Production is on fire, and we are all remote | Marshall Shen

Production is on fire, and we are all remote

Production is on fire, and we are all remote

All of a sudden, things start to go badly. Support tickets begin to flood in with the same complaints - the app stops working. The engineers start to investigate in their own homes. The production app is on fire, and we are all remote.

Product incidents are stress-inducing. Every minute counts. A product incident when everyone works remotely is even more challenging. Incident management with a remote engineering team is a complex problem; this blog post attempts to provide some simple guidelines to follow.

what bad incident response looks like

Imagine a production outage happened with the following scenario:

  • the outage is raised by customers first, not the engineering team
  • the engineering team investigate the outage in silos
  • the company does not have a common understanding of what and who is working on the outage
  • the customers were left hanging without answers, and frustrated

The scenarios above paint a bleak picture. Such outage and respondence to outage damage customer trust and tarnish team morale. Unfortunately, these scenarios happen way too often at startups with small engineering team and fragile infrastructure. To add another layer of complication, having an all-remote engineering team means more required synchronization between individuals online.

So how can we do better? In order to do better, we first need to understand what makes production incidents difficult, and then apply guidelines to address them.

what makes production incidents hard to respond remotely

  • production incidents requires fast response. When an incident happens, the most ideal is to identify the root cause and fix it as soon as possible.
  • production incidents are unexpected and stress-inducing. Incidents are by nature not intentional, and thus the engineering team starts to tackle incidents with lots of unknowns. When we face unknowns with a ticking clock, it produces stress.
  • direct communication is harder without being physically together. It gets harder to synchronize information with an all-remote team and have a single source of truth.

Some guidelines start to emerge given the constraints listed above.

guidelines to better incident respondence

detect problems before customers

Detect problems early, even better, fix the issue before it has a major customer impact. This can be done if and only if there’s a sufficient alerting and monitoring system. Great alerting and monitoring result from a good engineering culture, in that observability, is part of the development lifecycle. How to build such a culture is a topic of a whole blogpost along.

virtual command center

Create a virtual command center, broadcast details of the virtual command center to the company right away. Criteria of a solid virtual command center include but not limited to:

  • A virtual conference room link that people can join
  • A person in charge of the command center (declare at the start of the command center) - an incident commander
  • Communication protocol in the command center (e.g., what to ask, what to share, how to act, etc.)

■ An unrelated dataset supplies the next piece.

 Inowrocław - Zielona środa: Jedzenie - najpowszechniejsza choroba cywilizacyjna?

Condition, Actions, Needs (CAN) report

The concept of CAN report comes from progress reporting on the firegroud with firemen. This article further explain why this report is crucial:

Progress reporting on the fireground during all phases of operations relays vital information between the Incident Commander (IC) and companies operating at the incident. Incident action plans are driven by the completion of tactical objectives. Conversely, If an objective cannot be completed, the IC needs to be advised so that the safety of crews operating can be evaluated and the tactical and strategic plan modified.

An easy way to answer or transmit a progress report is the CAN report. The C A N report stands for Conditions, Actions, Needs. By using this order model, the person giving the report easily identifies how well they are doing, the conditions they are facing, and any support or resource needs that they have.

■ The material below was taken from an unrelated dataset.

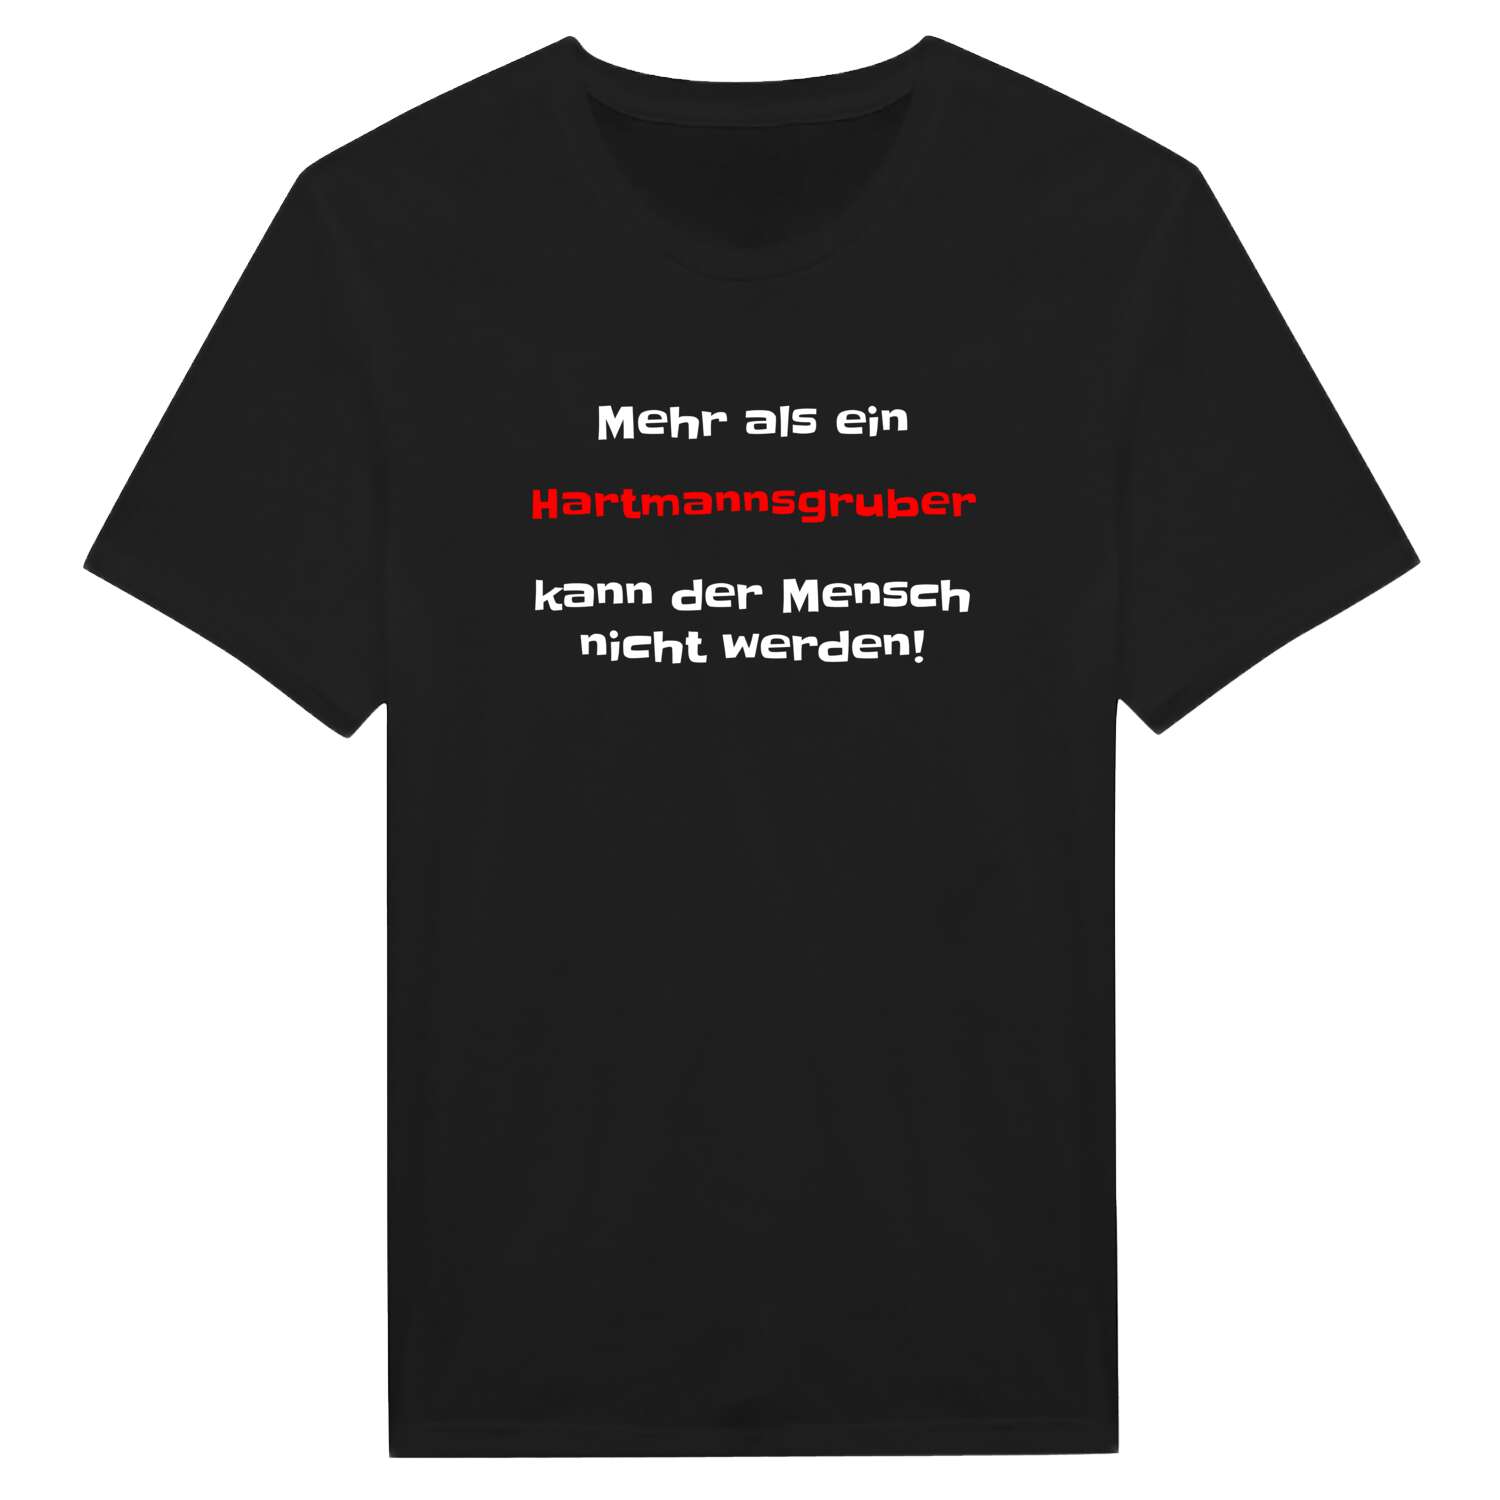 Hartmannsgrub T-Shirt »Mehr als ein«

An example CAN report template can be found here.

modeled communication

Given a virtual command center is established, how can we act together? One inspiration comes from how Slack handles production incident. Specifically:

timeline

The timeline of an incident is composed of four distinct stages, Customer Impact, Operations Impact, Learning & Prevention. Within these stages, there are distinct operations that lead to the final resolution of an incident, which we’ll briefly summarize.

Detect: Detection of a regression or customer impact via, ideally, SLO failure, automated alerts driven by metrics, or less ideally, customer reports.

Assemble: The Subject Matter Expert (SME) who gets the initial Detect page will invoke the Assemble process and alert the Incident Commander on-call.

Verify: Incident Commander discusses with SME on initial scope of the impact as well as severity. Our first Conditions, Actions and Needs (CAN) reports can begin.

Dispatch: Incident Commander, based on the CAN report, will page additional SME’s as needed.

Mitigate: A diagnosis is presented, and a mitigation action is proposed & executed.

Repair: Typically, mitigations are temporary — an analogy would be duct-taping a leak. The repair action is a long term fix if needed.

Review: The Incident Review process kicks off and we review the incident and extract lessons and action items from it.

Action Items: We complete action items based on priority within defined SLA’s to further enhance prevention of the incident recurring.

Nearly every well-run incident can fit into the model above.

how to communicate to customers during an incident

While the incident is happening, it’s crucial to keep customers in the loop. Information should be shared with customers when an incident enters a new stage. It is the responsibility of an incident commander to communicate when an incident enters a new stage. It is the Customer Success team’s responsibility to communicate out to customers when the stage is changed.

conclusion

Running production incidents well takes a clear framework and practice with that framework. A well-run incident rebuilds customer confidence and boosts team morale, and it’s one key skill for engineering leaders to master.